The production of written texts is a high-stakes activity in professional social work, playing a central role in all decisions about services and simultaneously used to evaluate social workers’ professional competence. Social work writing (often referred to as recording or paperwork) is frequently the target of criticism in reviews and public media reporting. Despite its significance, little empirical research has been carried out on writing in professional practice. ‘Writing in professional social work practice in a changing communicative landscape’ (WiSP) is a 2-year, ESRC-funded project which aims to address this gap.

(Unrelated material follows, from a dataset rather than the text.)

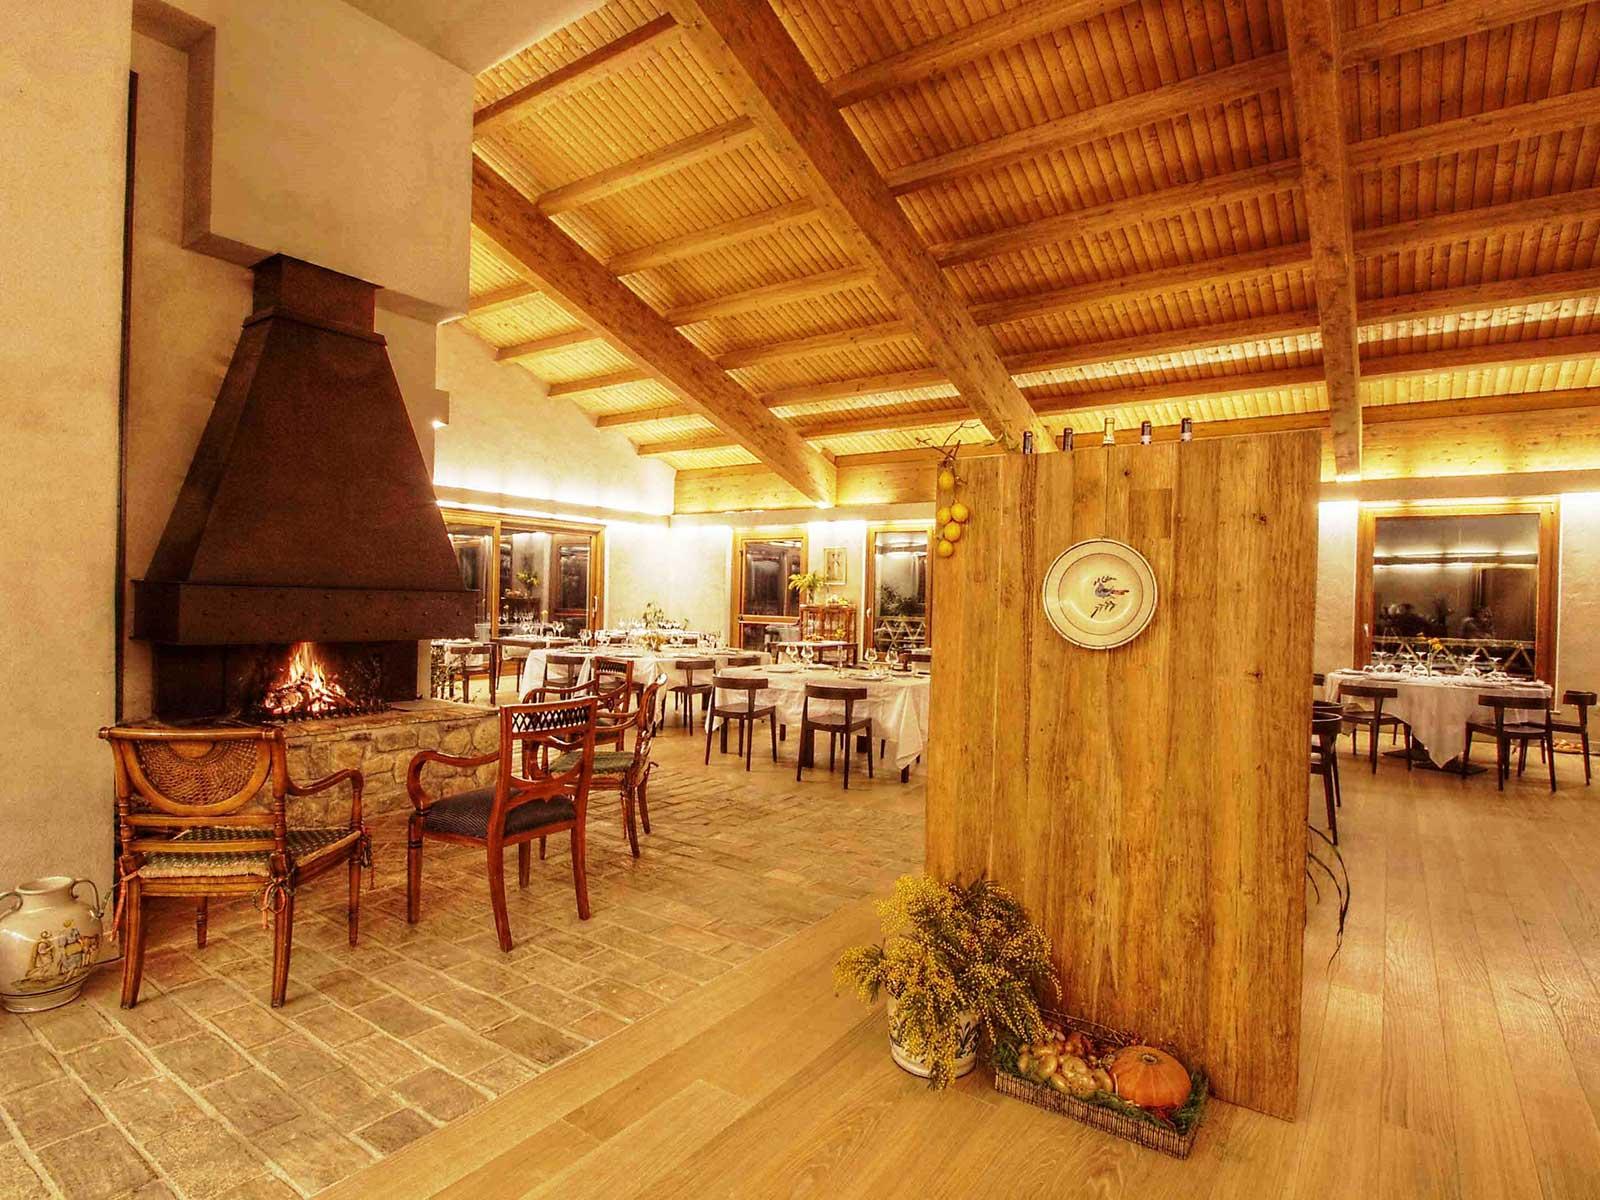 Farmhouse Farmhouse for sale Penne (PE), Casa Cignale - Penne - EUR 0 70
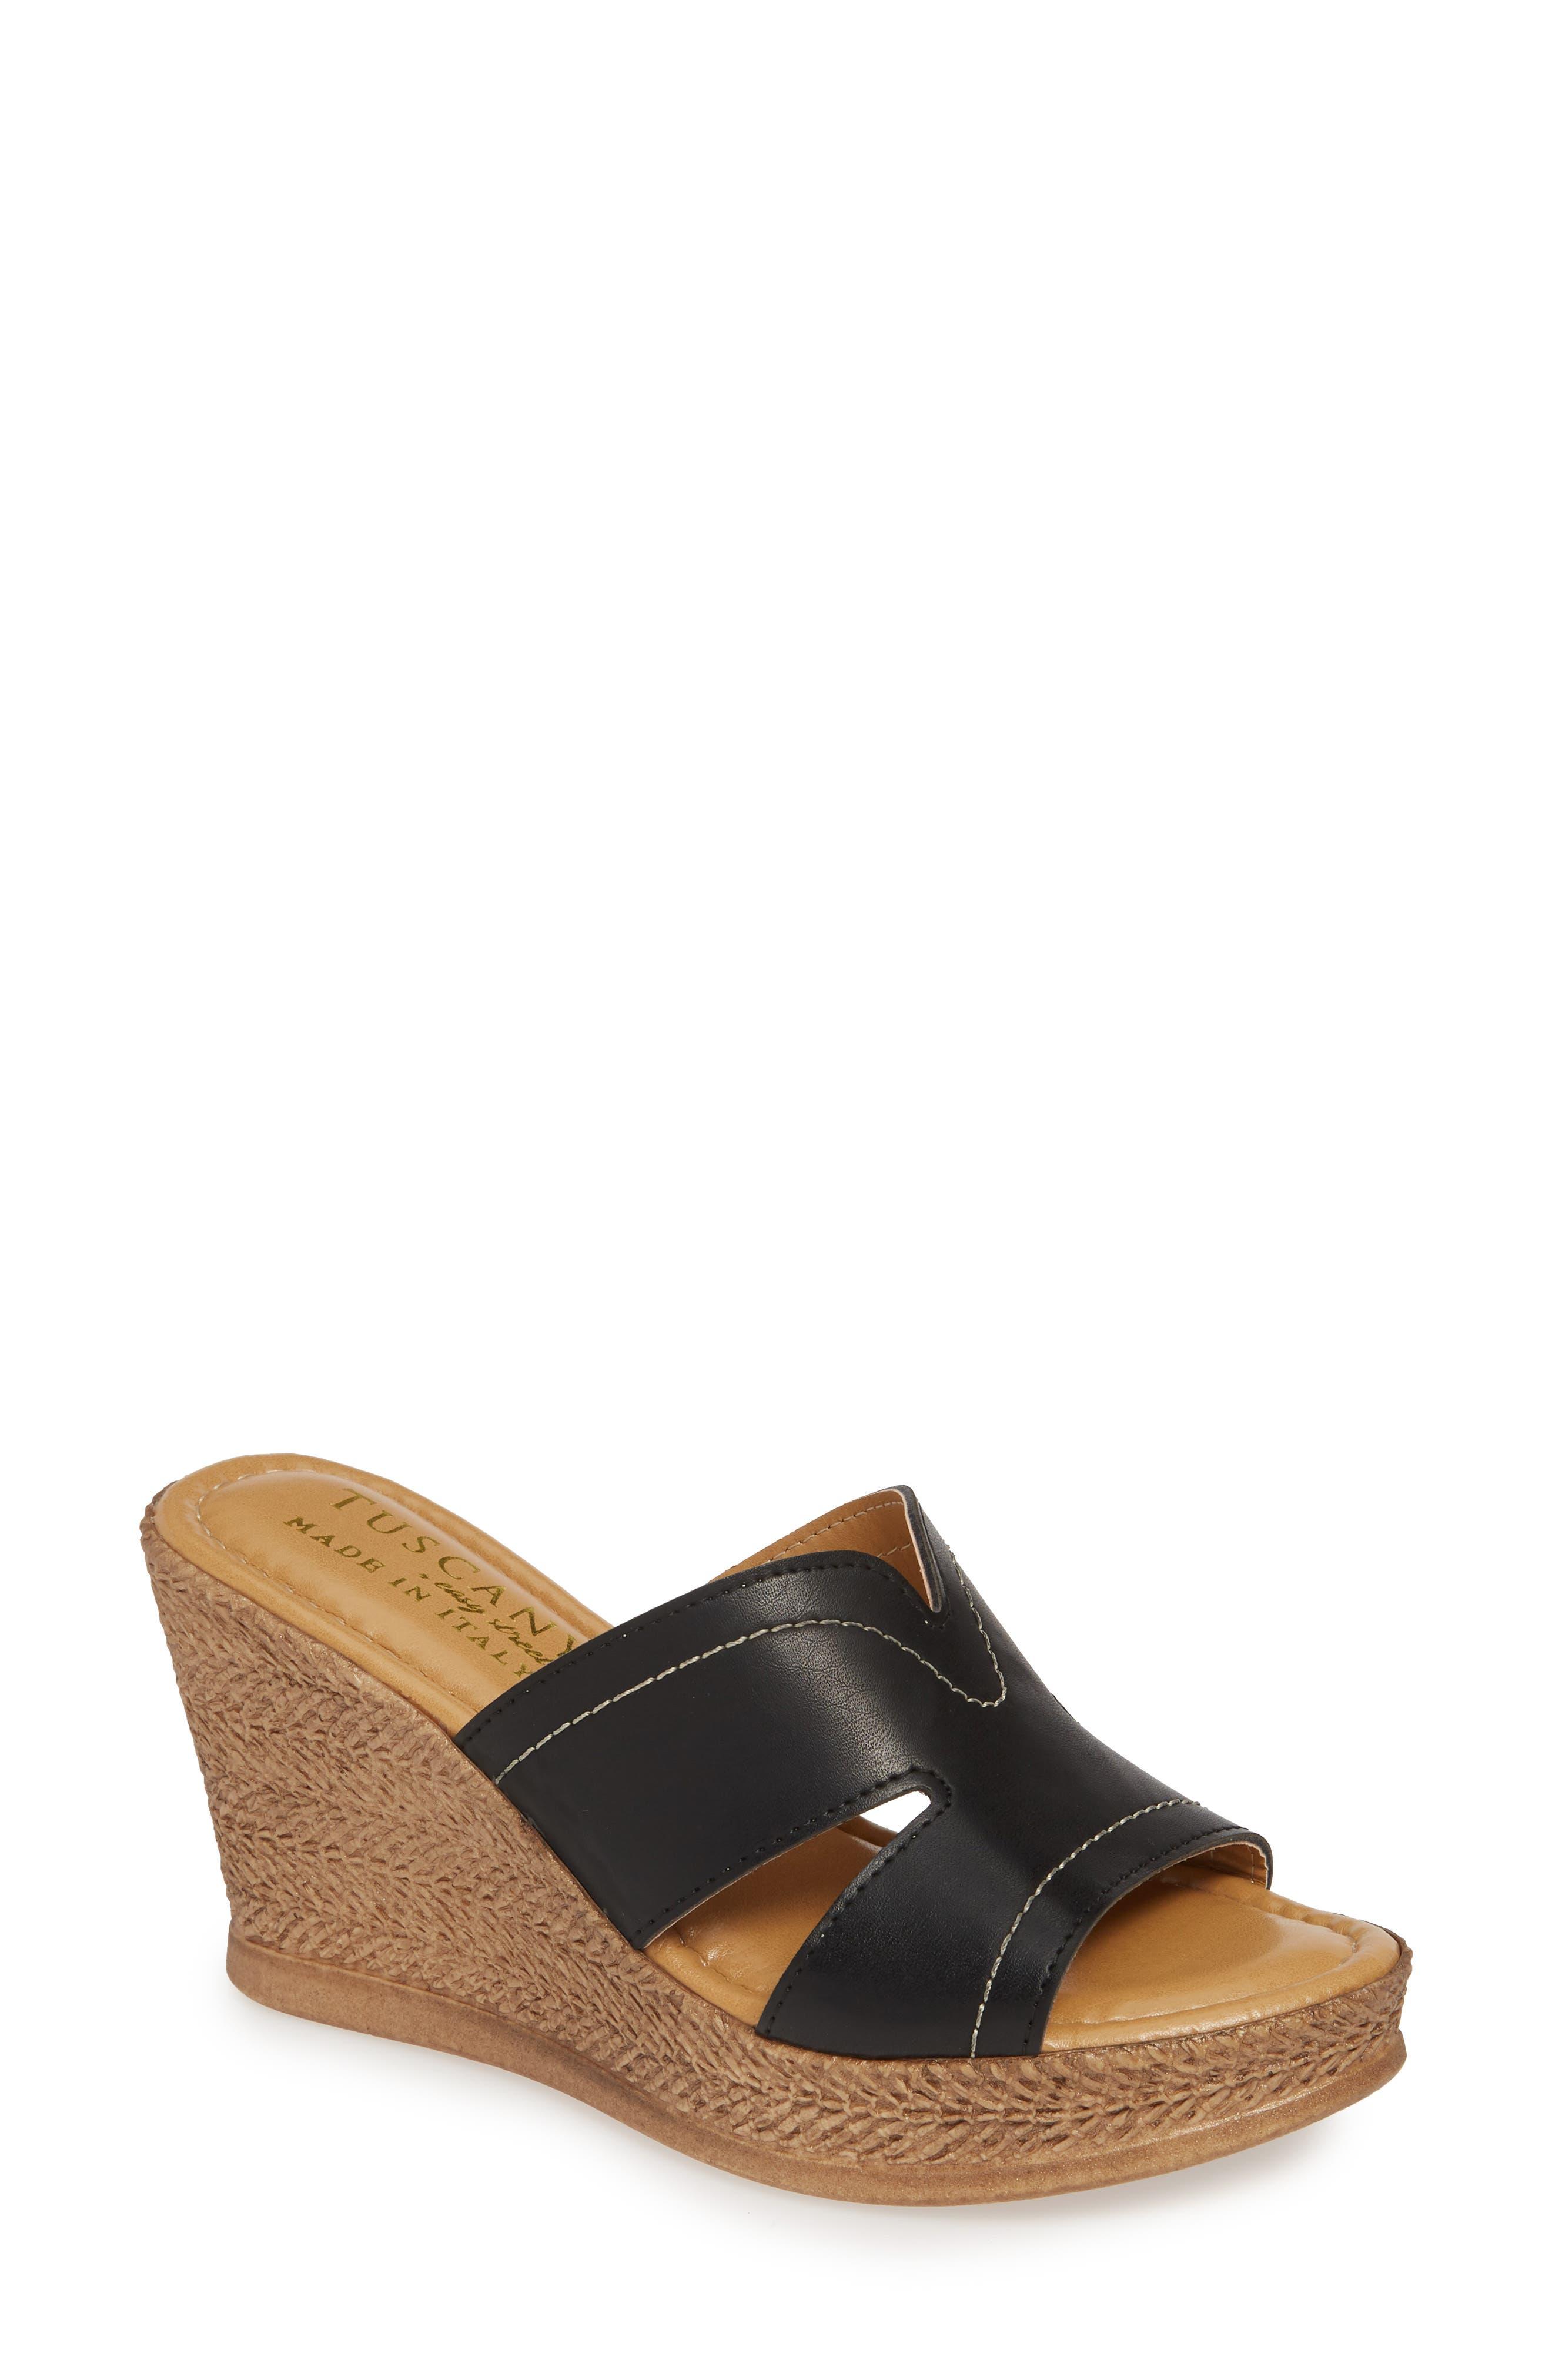 Marsala Sandal, Main, color, BLACK LEATHER

Involving 50 social workers from a range of social work domains, including children’s, adults and mental health, the project explores the range of written texts produced, the writing practices of social workers and the perspectives of social workers on the nature and place of recording in everyday professional practice.
This paper will discuss some of the work-in-progress complexities and discussions the research team is addressing around preparing an ‘anonymised’ corpus of sensitive texts, and in particular where the funding body requires the data to be shared through the UK Data Archive. Issues addressed will include the extent to which ‘jigsaw identification’ is avoidable, service user/client awareness of the texts written about them, and use of a comparable corpus of medical case notes. Focus within this session will therefore predominantly be on the text and corpus elements of the WiSP project and examples of sensitive and less sensitive case notes will be discussed.